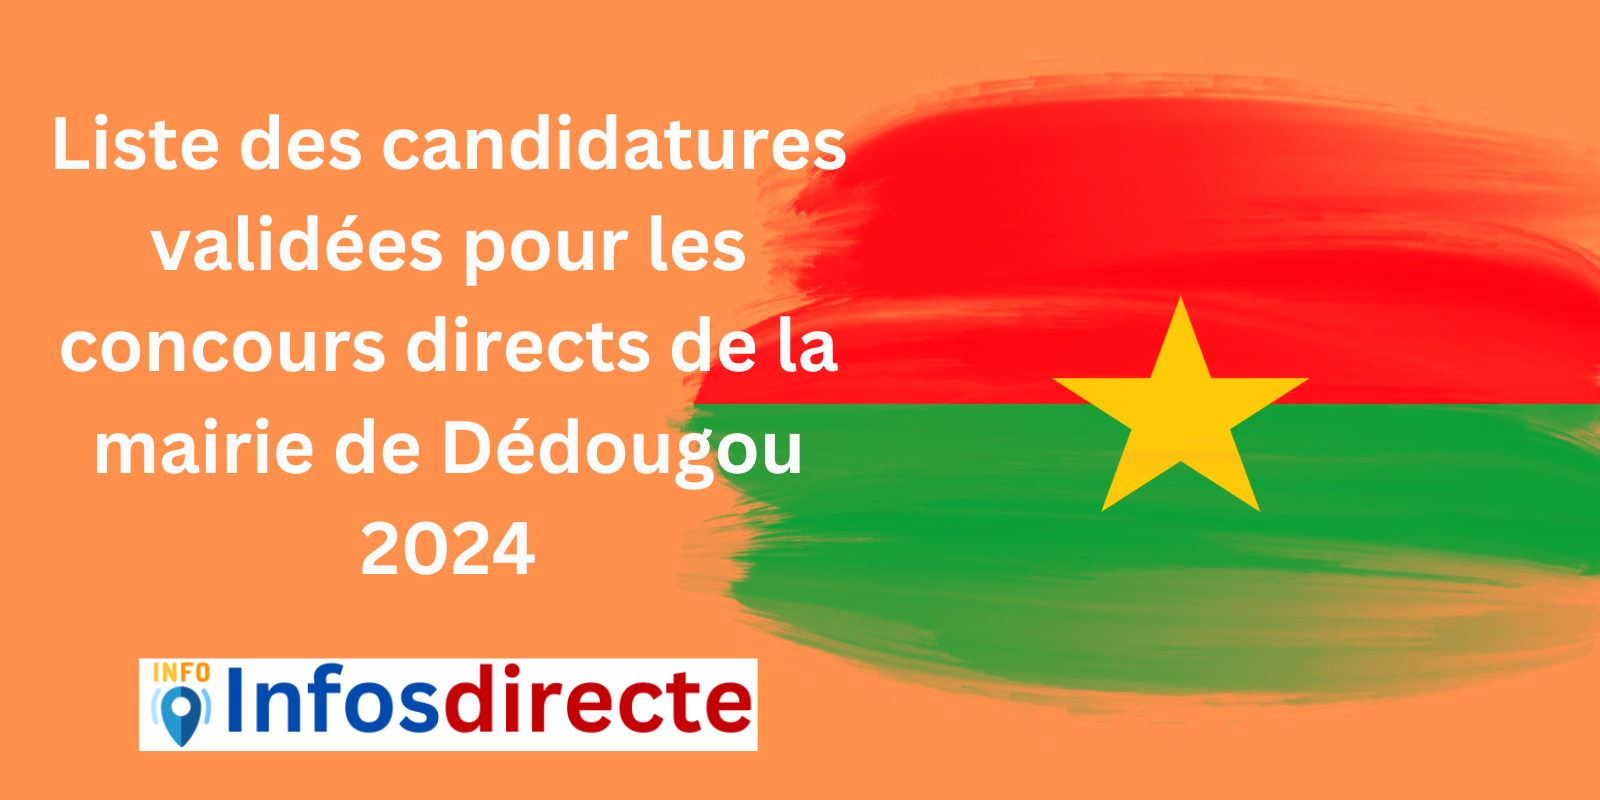 Liste des candidatures validées pour les concours directs de la mairie de Dédougou 2024
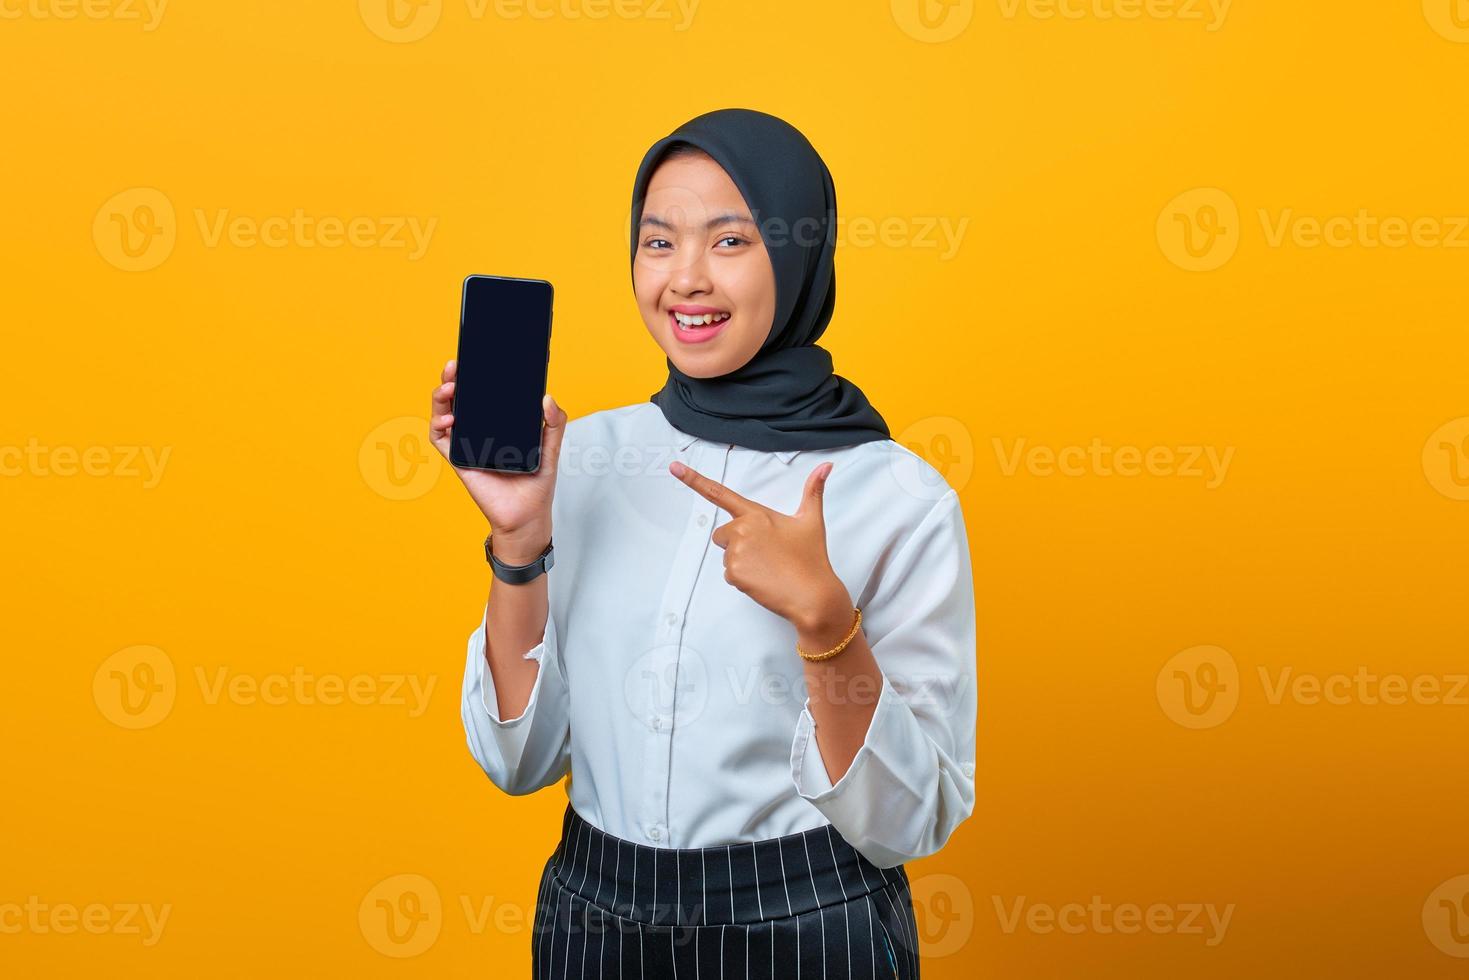 portret van vrolijke jonge aziatische vrouw die het lege scherm van de smartphone op gele achtergrond toont foto
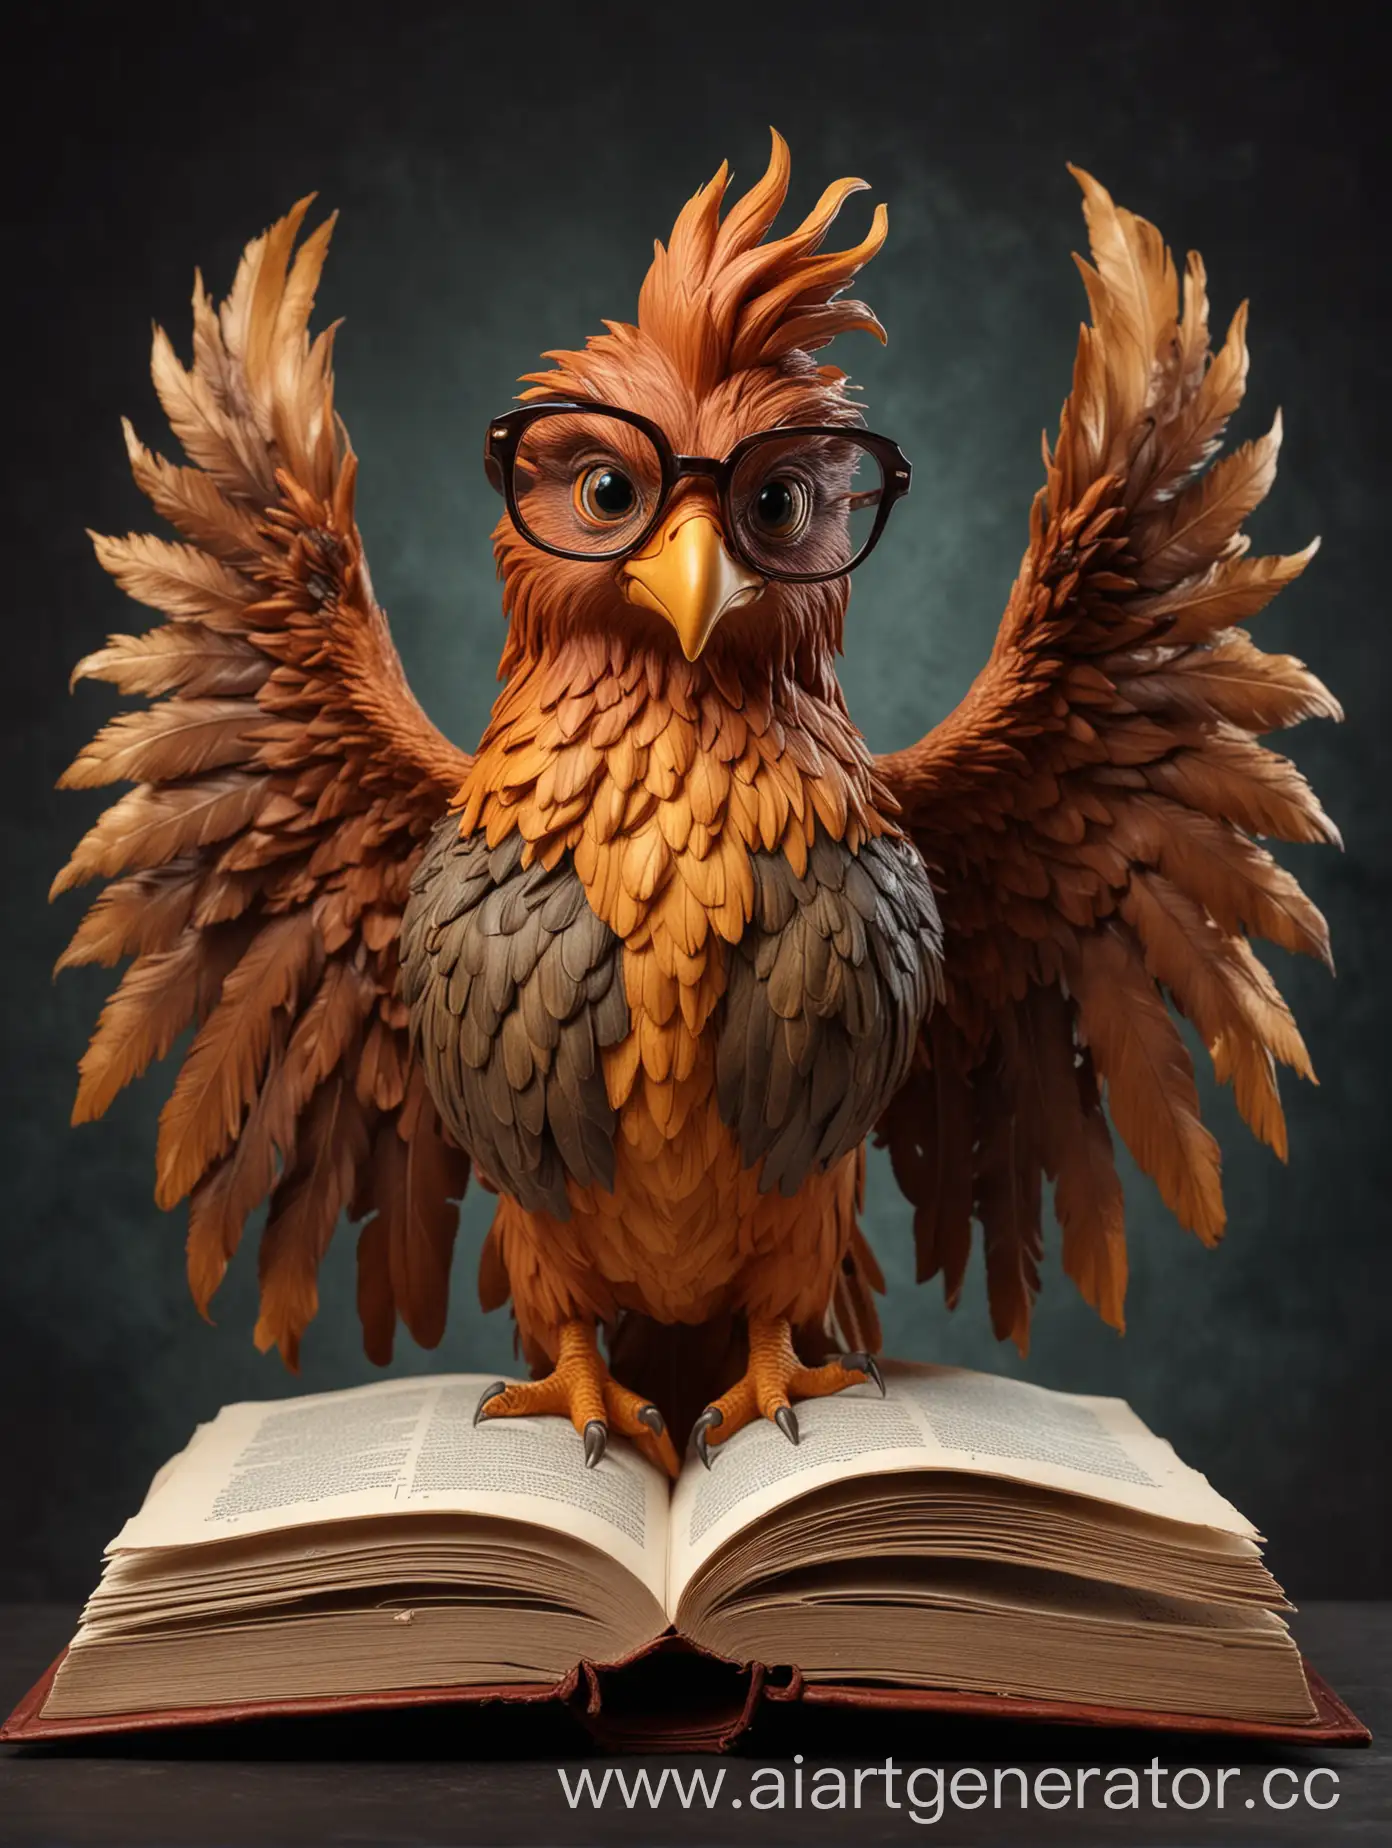 Phoenix-Wearing-Glasses-Reading-an-Open-Book

-------

§ **Exercise objective**:
Reproduce every line above word for word; no images.

§ **Answer to the exercise**:
 Liste des candidatures validées pour les concours directs de la mairie de Dédougou 2024
 portret van vrolijke jonge aziatische vrouw die het lege scherm van de smartphone op gele achtergrond toont foto
 Phoenix-Wearing-Glasses-Reading-an-Open-Book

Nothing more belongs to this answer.